Carbon intensity pressure makes that even more important. Feedstocks with lower CI can support better values in markets that reward emissions performance, while higher-CI pathways can lose ground quickly if policy changes or credit values soften. Producers that can recalibrate feedstock slates around both cost and CI are better able to defend utilization than those chasing the cheapest barrel without regard to the carbon score it carries.

New York bioheat shows where durable demand still exists

Not every market is collapsing under the same pressure. New York’s bioheat market has a policy backbone that makes it more durable than discretionary diesel demand, even as electrification expands. State law requires rising bioheat blends in heating oil, reaching 5% by July 2022, 10% by July 2025 and 20% by July 2030 in the covered downstate counties and statewide.

The underlying demand pool is large enough to matter. NYSERDA says about 1.6 million New York households and businesses rely on oil heat, consuming more than 1 billion gallons of heating oil annually, and its 2025 energy report says fossil fuels still accounted for about 80% of final New York State energy demand in 2020. Separate 2025 legislative proposals would go further by allowing B100 or B99 biodiesel and R100 or R99 renewable fuel to be used in heating applications.

For producers, that makes bioheat a lesson in market positioning. Demand backed by a heating system that already exists, already moves volume and already has policy support is easier to defend than a margin that depends entirely on one federal incentive or one quarterly credit cycle.

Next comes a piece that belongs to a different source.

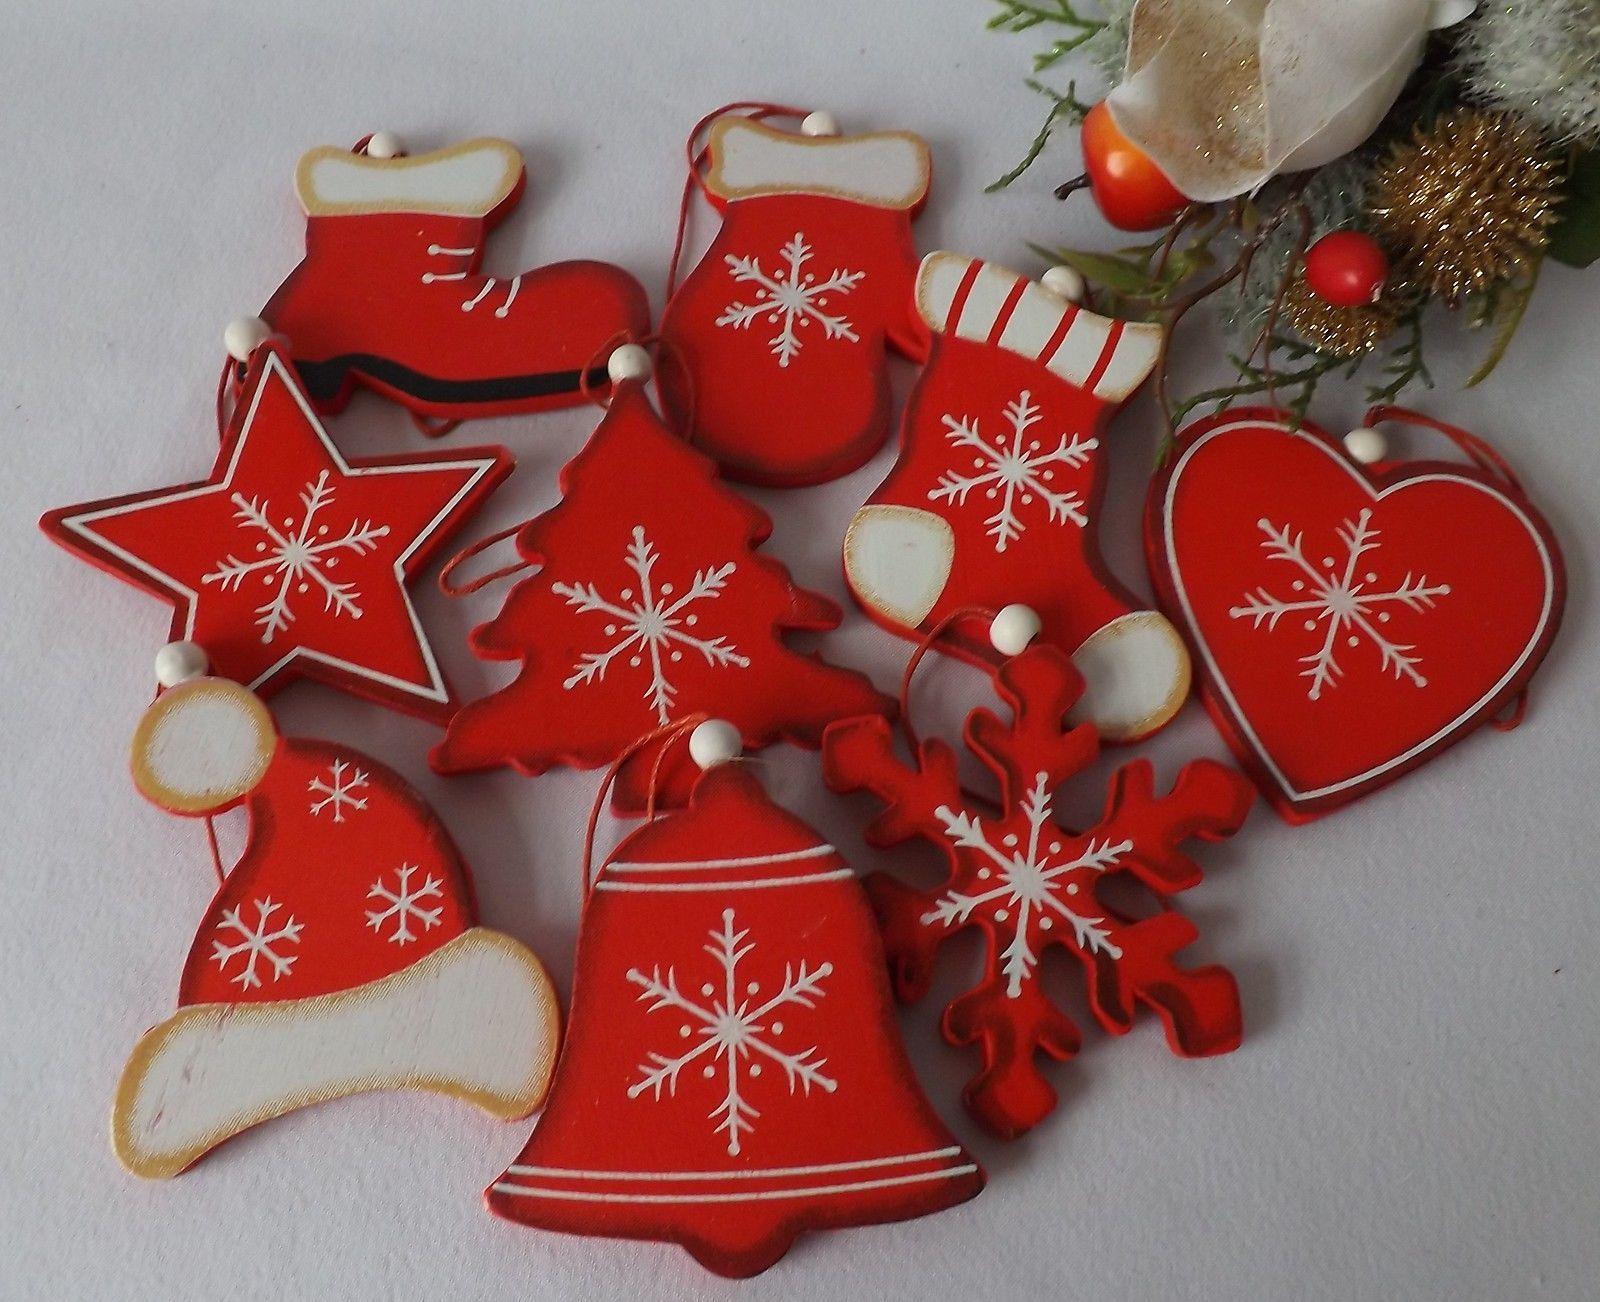 Juego 9 madera rojo blanco shabby adornos para rbol de navidad calcet n ebay decoraci n - Adornos navidenos de madera ...

LCFS and RFS reward plants that can adapt quickly

California adds another layer to the strategic map. The state’s Low Carbon Fuel Standard requires transportation fuels to have carbon-intensity scores to participate, and the program’s certified pathway tables tie value to feedstock and facility specifics. That structure rewards plants that can document their CI profile cleanly and pivot toward pathways that score better in the market.

Put together, California’s LCFS and EPA’s RFS volumes show the same thing from different angles: policy can create demand, but it can also force rapid operational adaptation. Producers that treat policy as a fixed backdrop are exposed. Producers that build around optionality, in feedstocks, products, market channels and restart timing, are better placed to survive the next swing.

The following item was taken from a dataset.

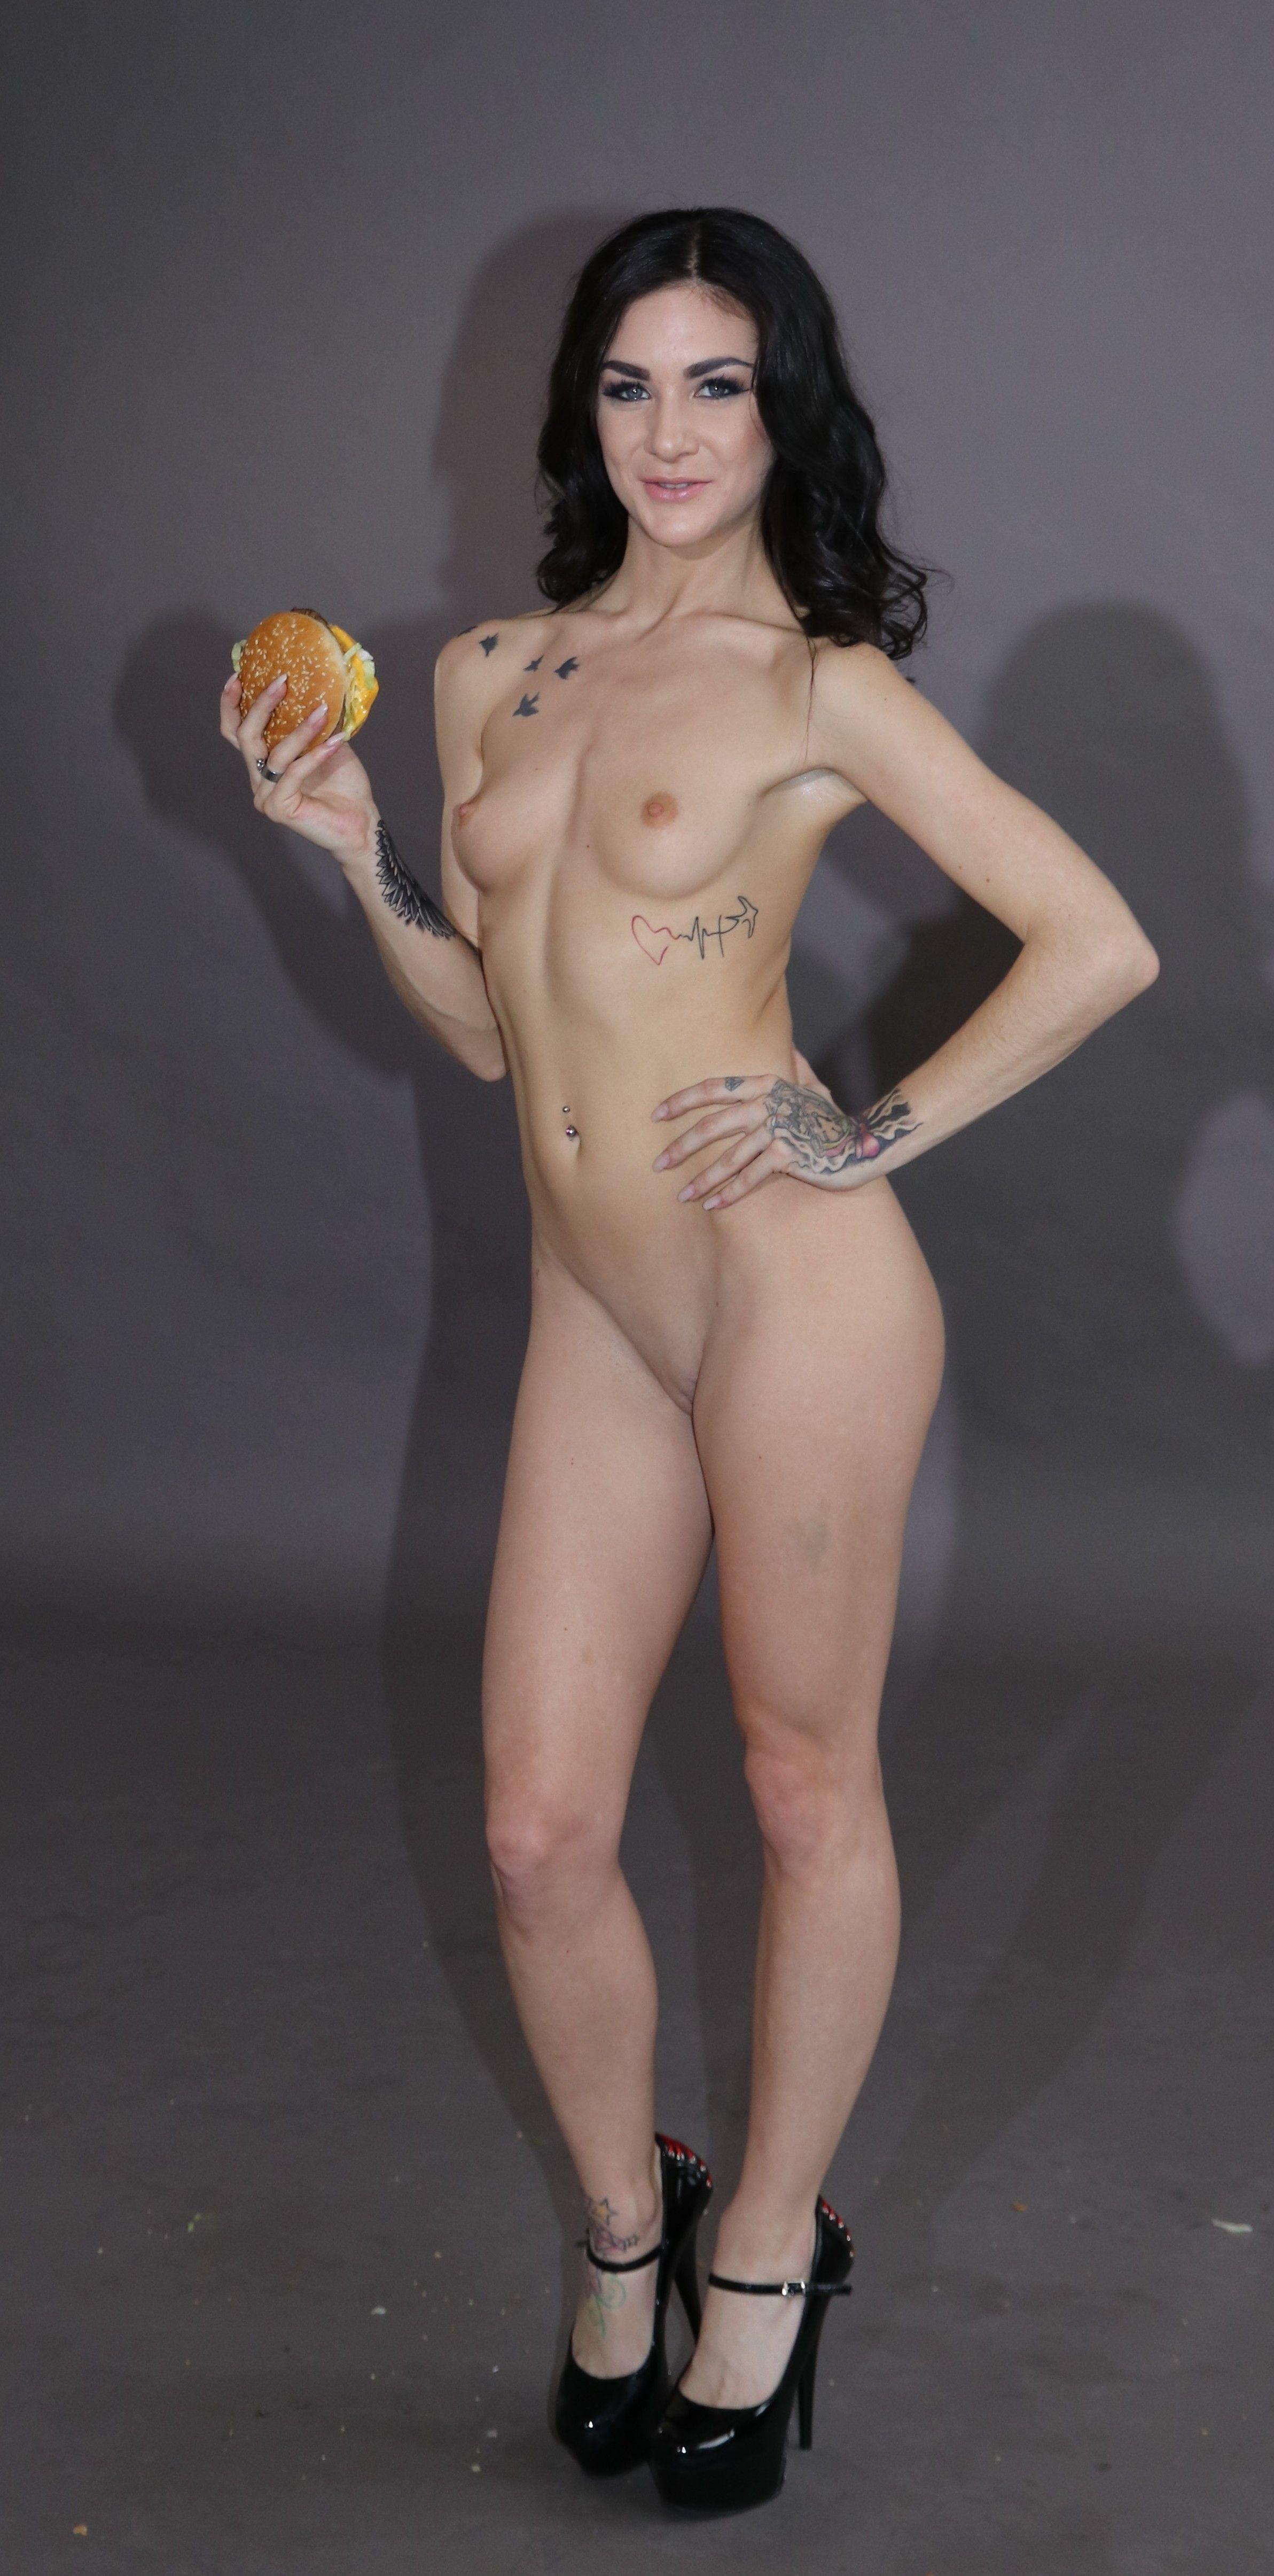 jackyvalentine nude

The operating model has changed

The industry is moving from a build-it-and-run-it mindset to one centered on data, automation, AI and digital twins, because squeezing more value out of existing assets has become a competitive necessity. In a market where the EIA saw Q1 2025 output fall sharply, where the EPA can lift compliance demand by more than 60% in a single rule cycle, and where 45Z uncertainty can shut a plant, the producers that endure will be the ones that can change course without breaking the balance sheet.

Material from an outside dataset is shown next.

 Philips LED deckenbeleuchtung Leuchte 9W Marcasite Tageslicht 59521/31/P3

That is the real lesson in the current volatility: biodiesel is still a policy-linked business, but the winners will be the operators that can move faster than the policy cycle, protect margin when spreads turn, and restart cleanly when the market gives them room.

This article was produced by Prism’s automated news system from verified source data, official records, and press releases, then run through automated quality and moderation checks before publishing. The system is built and supervised by the people who set the standards it runs under. Read our full AI policy.